The generalized form of this range-request-based streaming approach looks something like my project VirtualiZarr [0].
Many of these scientific file formats (HDF5, netCDF, TIFF/COG, FITS, GRIB, JPEG and more) are essentially just contiguous multidimensional array(/"tensor") chunks embedded alongside metadata about what's in the chunks. Efficiently fetching these from object storage is just about efficiently fetching the metadata up front so you know where the chunks you want are [1].
The data model of Zarr [2] generalizes this pattern pretty well, so that when backed by Icechunk [3], you can store a "datacube" of "virtual chunk references" that point at chunks anywhere inside the original files on S3.
This allows you to stream data out as fast as the S3 network connection allows [4], and then you're free to pull that directly, or build tile servers on top of it [5].
In the Pangeo project and at Earthmover we do all this for Weather and Climate science data. But the underlying OSS stack is domain-agnostic, so works for all sorts of multidimensional array data, and VirtualiZarr has a plugin system for parsing different scientific file formats.
I would love to see if someone could create a virtual Zarr store pointing at this WSI data!
Sounds like an approach that would also work for ML model weights files — just another kind of multidimensional array with metadata.
I wonder what exactly the big multi-model AI companies are doing to optimize model cold-start latency, and how much it just looks like Zarr on top of on-prem object storage.
> Many of these scientific file formats (HDF5, netCDF, TIFF/COG, FITS, GRIB, JPEG and more) are essentially just contiguous multidimensional array(/"tensor") chunks
Yeah, a recurring thought is that these should condense into Apache Arrow queried by DuckDB but there must be some reason for this not to have already happened.
Interesting guide to the Whole Slide Images (WSI) format.
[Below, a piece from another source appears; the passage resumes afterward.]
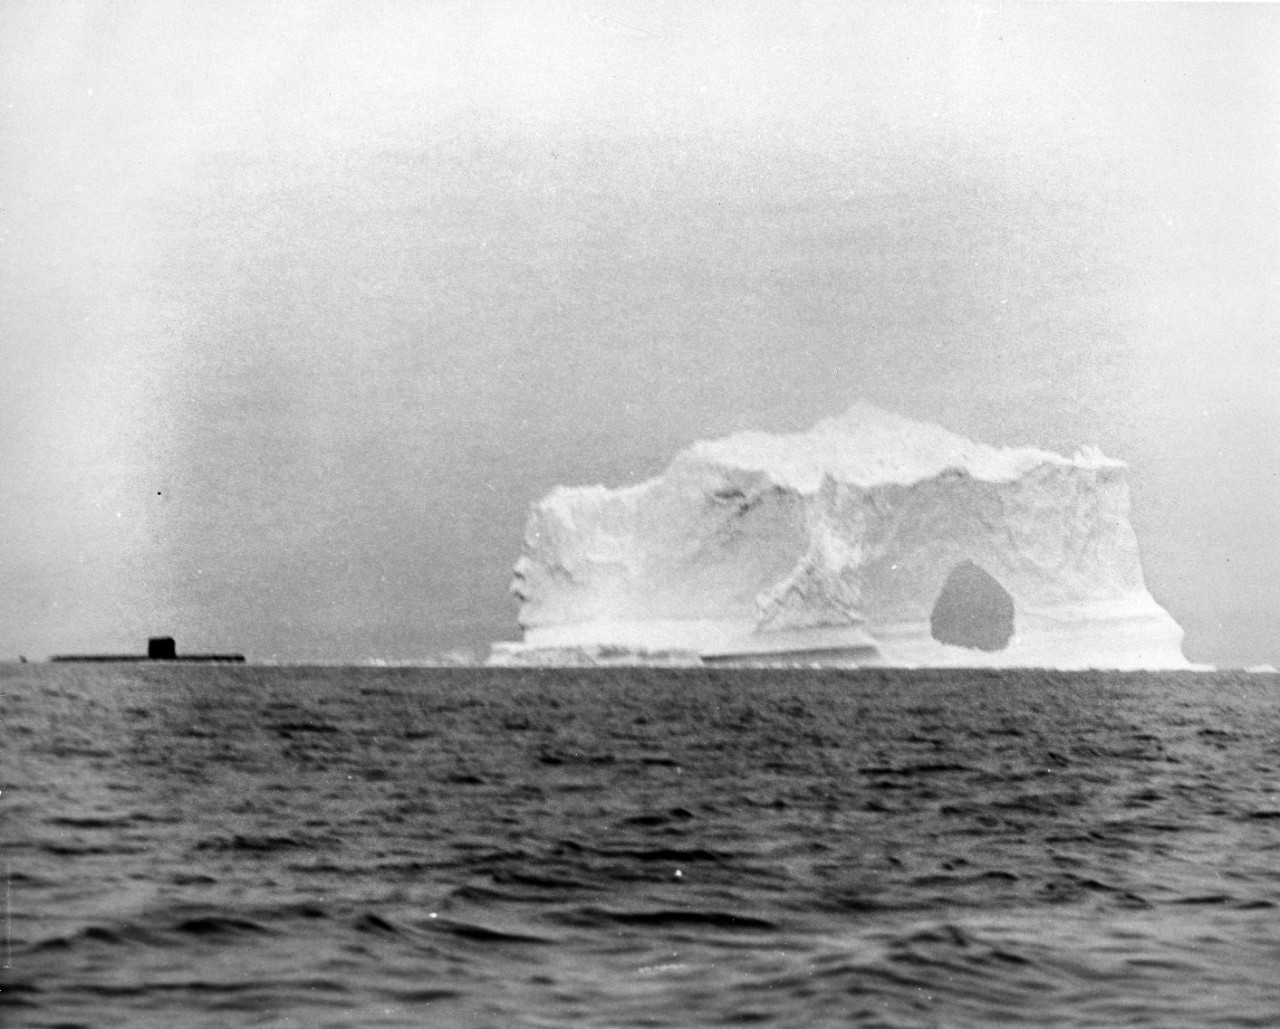 10 photographs of the SEADRAGON (SSN-584) on its first Arctic Cruise in the Fall of 1960. It was the first submarine to travel from the West to the East coast via the Northwest Passage and the first time photographs of the underside of ice formations had been taken. Donor: Admiral Robert L. DENNISON, USN (RET.), ACC # 79-003. Photos from the USN 1050047-1050057 series.

The surprising thing for me is that compression is used, and they note does not affect use in diagnostics.
Back in the day we used TIFF for a similar application (X-ray detector images).
Seems very similar to how maps work on the web these days, in particular protomap files [0]. I wonder if you could view the medical images in leaflet or another frontend map library with the addition of a shim layer? Cool work!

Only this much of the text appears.